Solution to the following problem:

Result Set

Regardless of the database, the result set should look like:

company_name company_email_address salutation_name
Fractal Factory billiam@fractal-factory.co.uk William
Friends For Hire joe.trib@f4hire.com Joey
Some Company admin@somecompany.com null
Expand for the DDL
solution(company_name, company_email_address, salutation_name) as (
    values
        ('Fractal Factory',  'billiam@fractal-factory.co.uk', 'William'),
        ('Friends For Hire', 'joe.trib@f4hire.com',           'Joey'),
        ('Some Company',     'admin@somecompany.com',         null)
)

Solution

Some SQL solutions per database are provided below.

DuckDB

This DuckDB solution uses the Jaccard similarity with a 25% match threshold, but this isn't the only way to solve this problem.
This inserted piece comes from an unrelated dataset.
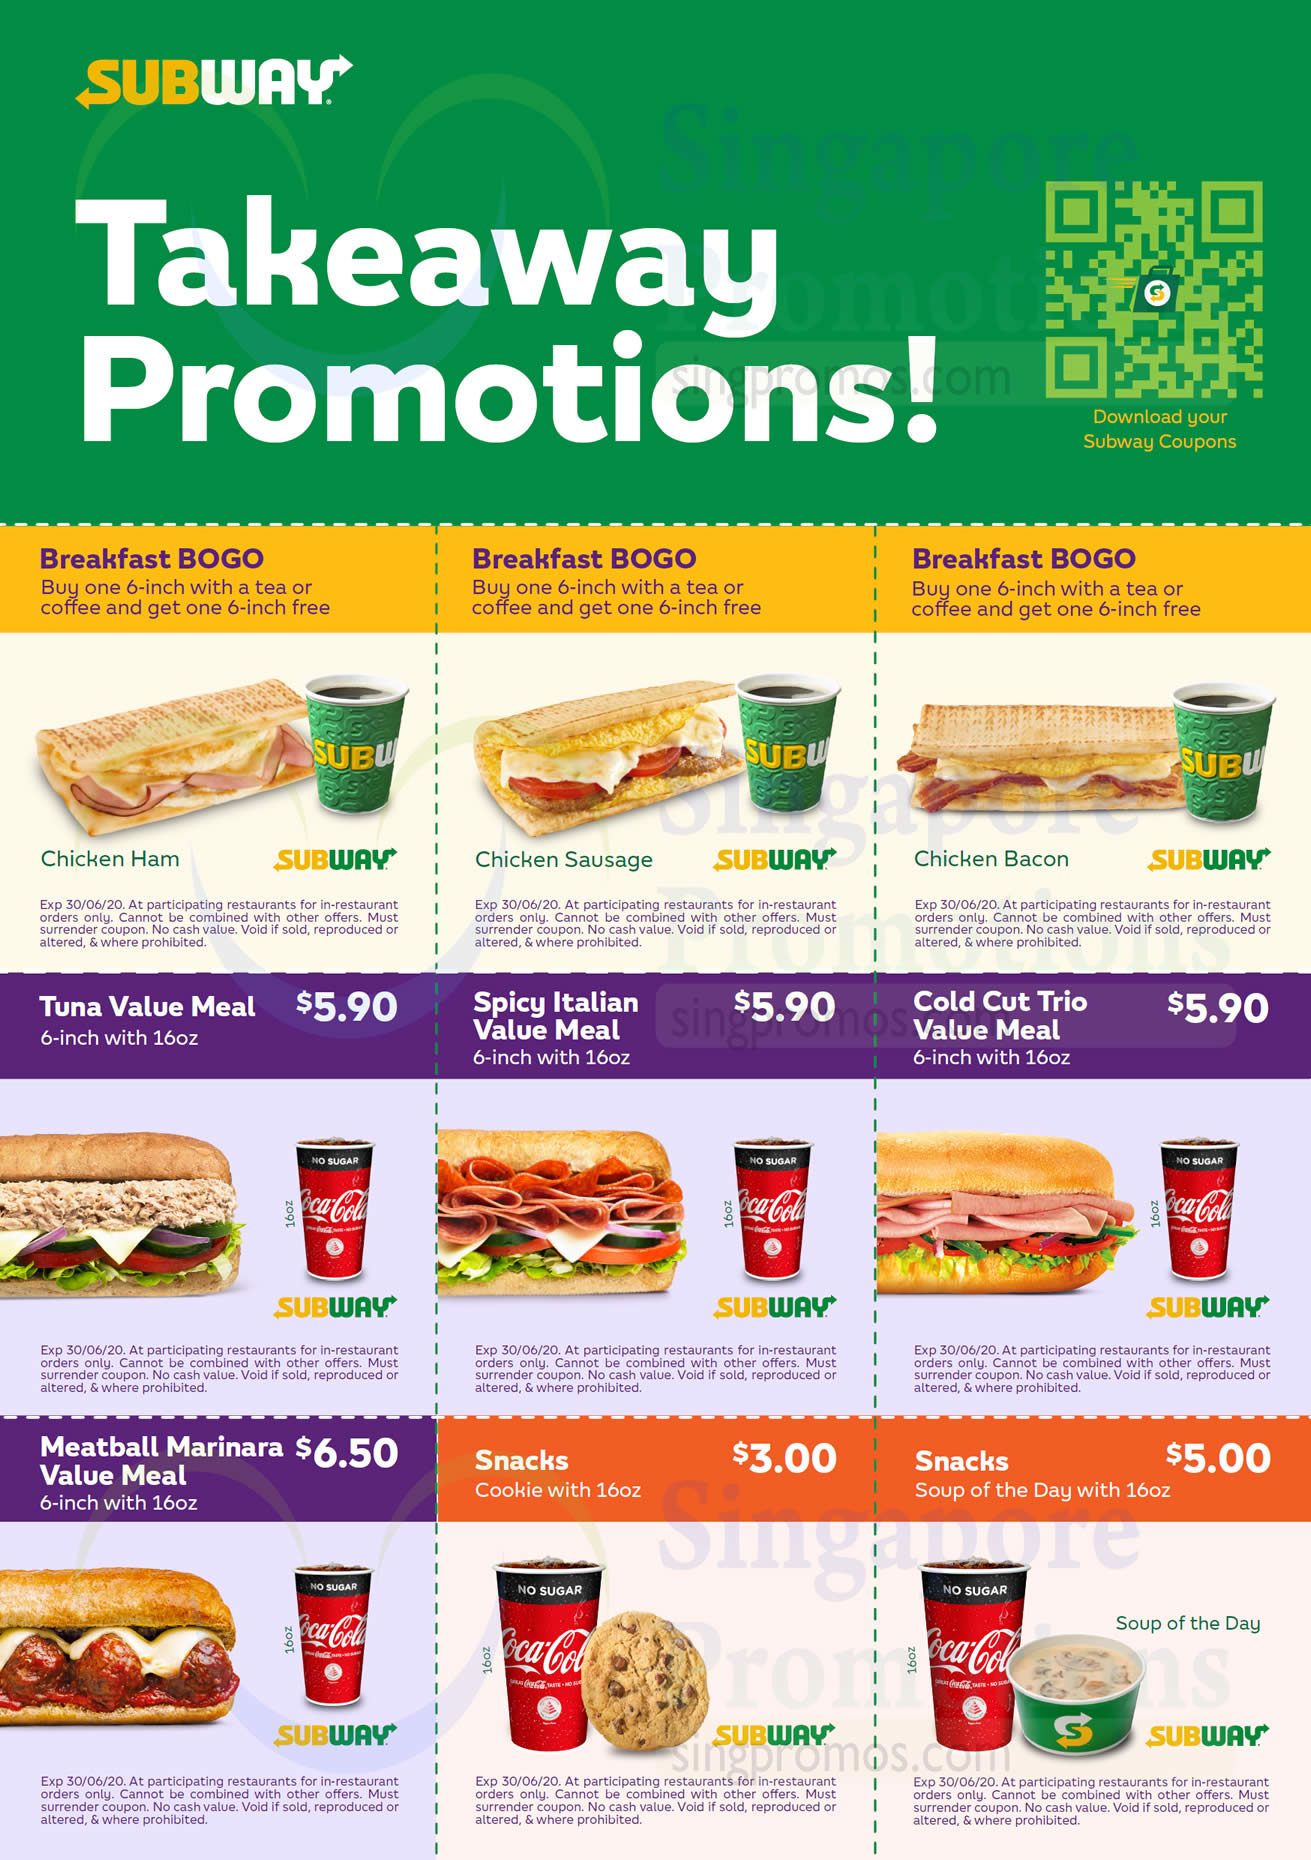 subway-extends-their-takeaway-coupon-deals-including-the-1-for-1-breakfast-sub-offer-till-30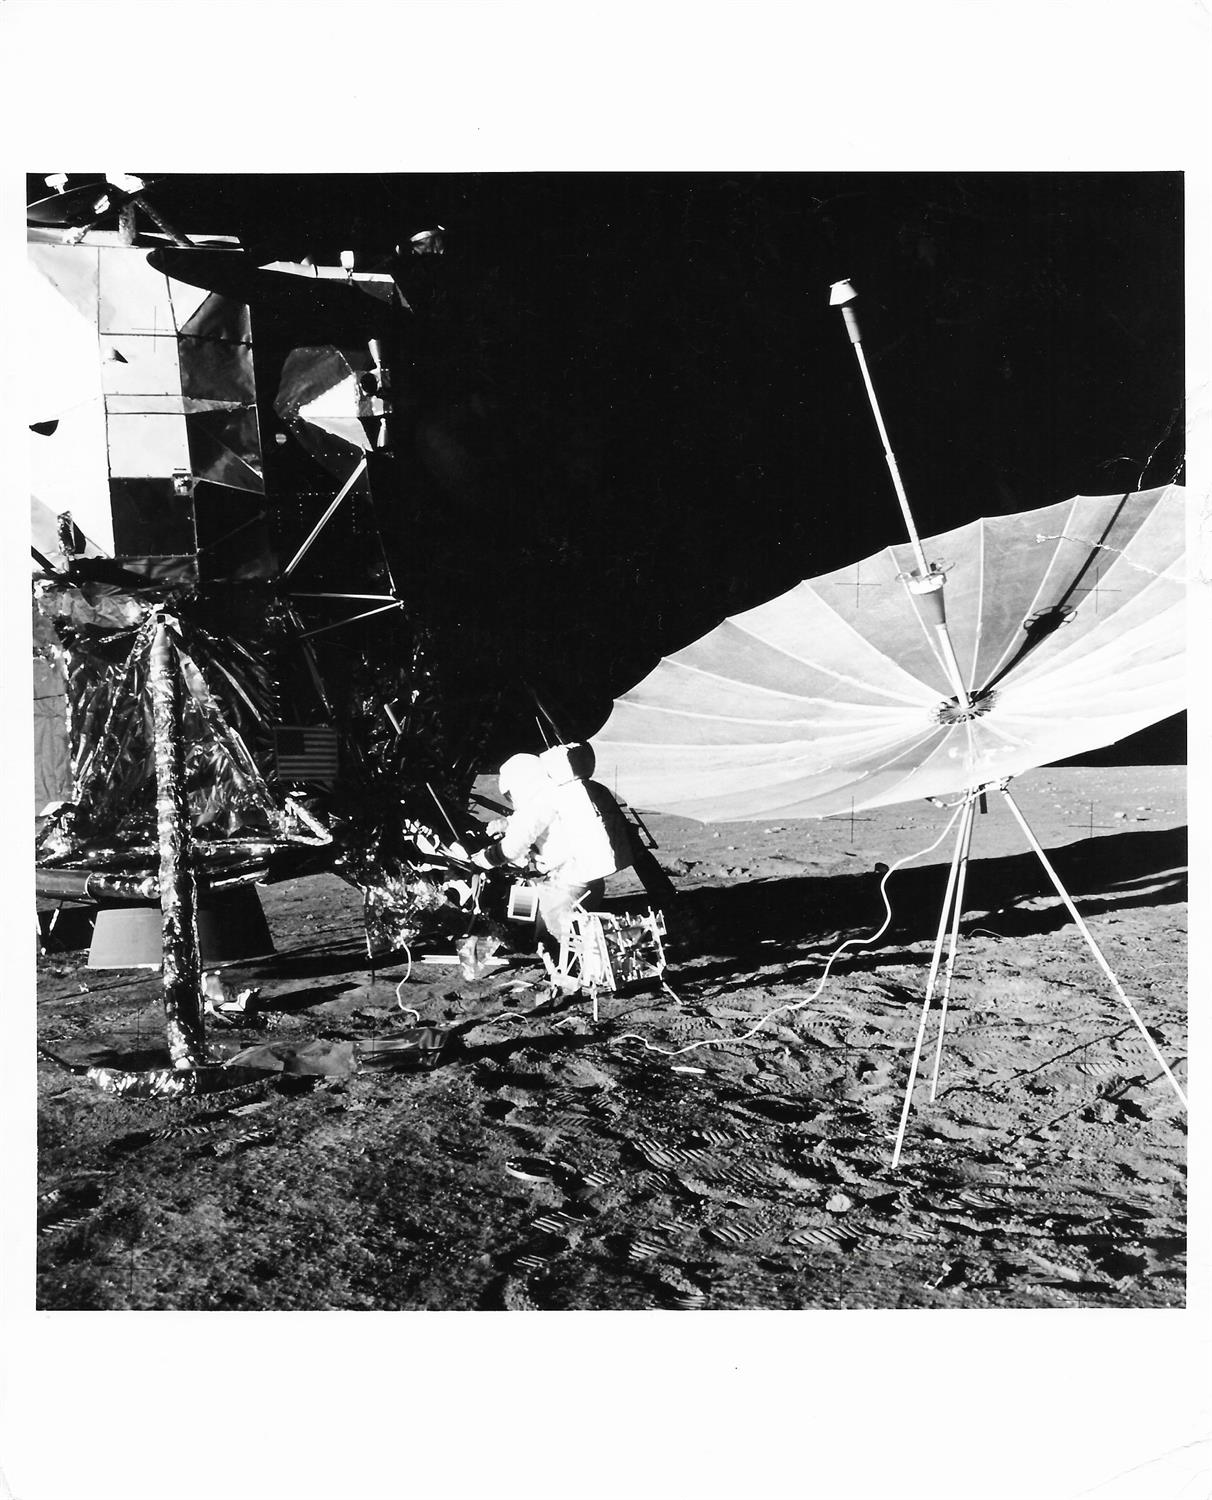 Deployment of scientific experiments on the lunar surface [three images], Apollo 12, November 1969 - Image 3 of 7

with contact_preferences as (
    select
        company.full_name as company_name,
        company.email_address as company_email_address,
        individual.first_name,

        /* Could also use `jaro_similarity`, `jaro_winkler_similarity`, `levenshtein` */
        jaccard(
            lower(split_part(company.email_address, '@', 1)),
            lower(individual.full_name)
        ) as similarity,

        row_number() over(
            partition by company_name
            order by similarity desc
        ) as contact_preference
    from customer_relationships as relationships
        left join customers as company
            on relationships.parent_customer_id = company.customer_id
        left join customers as individual
            on relationships.child_customer_id = individual.customer_id
)

select
    company_name,
    company_email_address,
    /* Set a match threshold of 25% */
    if(similarity >= 0.25, first_name, null) as salutation_name
from contact_preferences
where contact_preference = 1
order by company_name

SQL Server

This SQL Server solution uses the Soundex differences with a 3 (out of 4) match threshold, but this isn't the only way to solve this problem.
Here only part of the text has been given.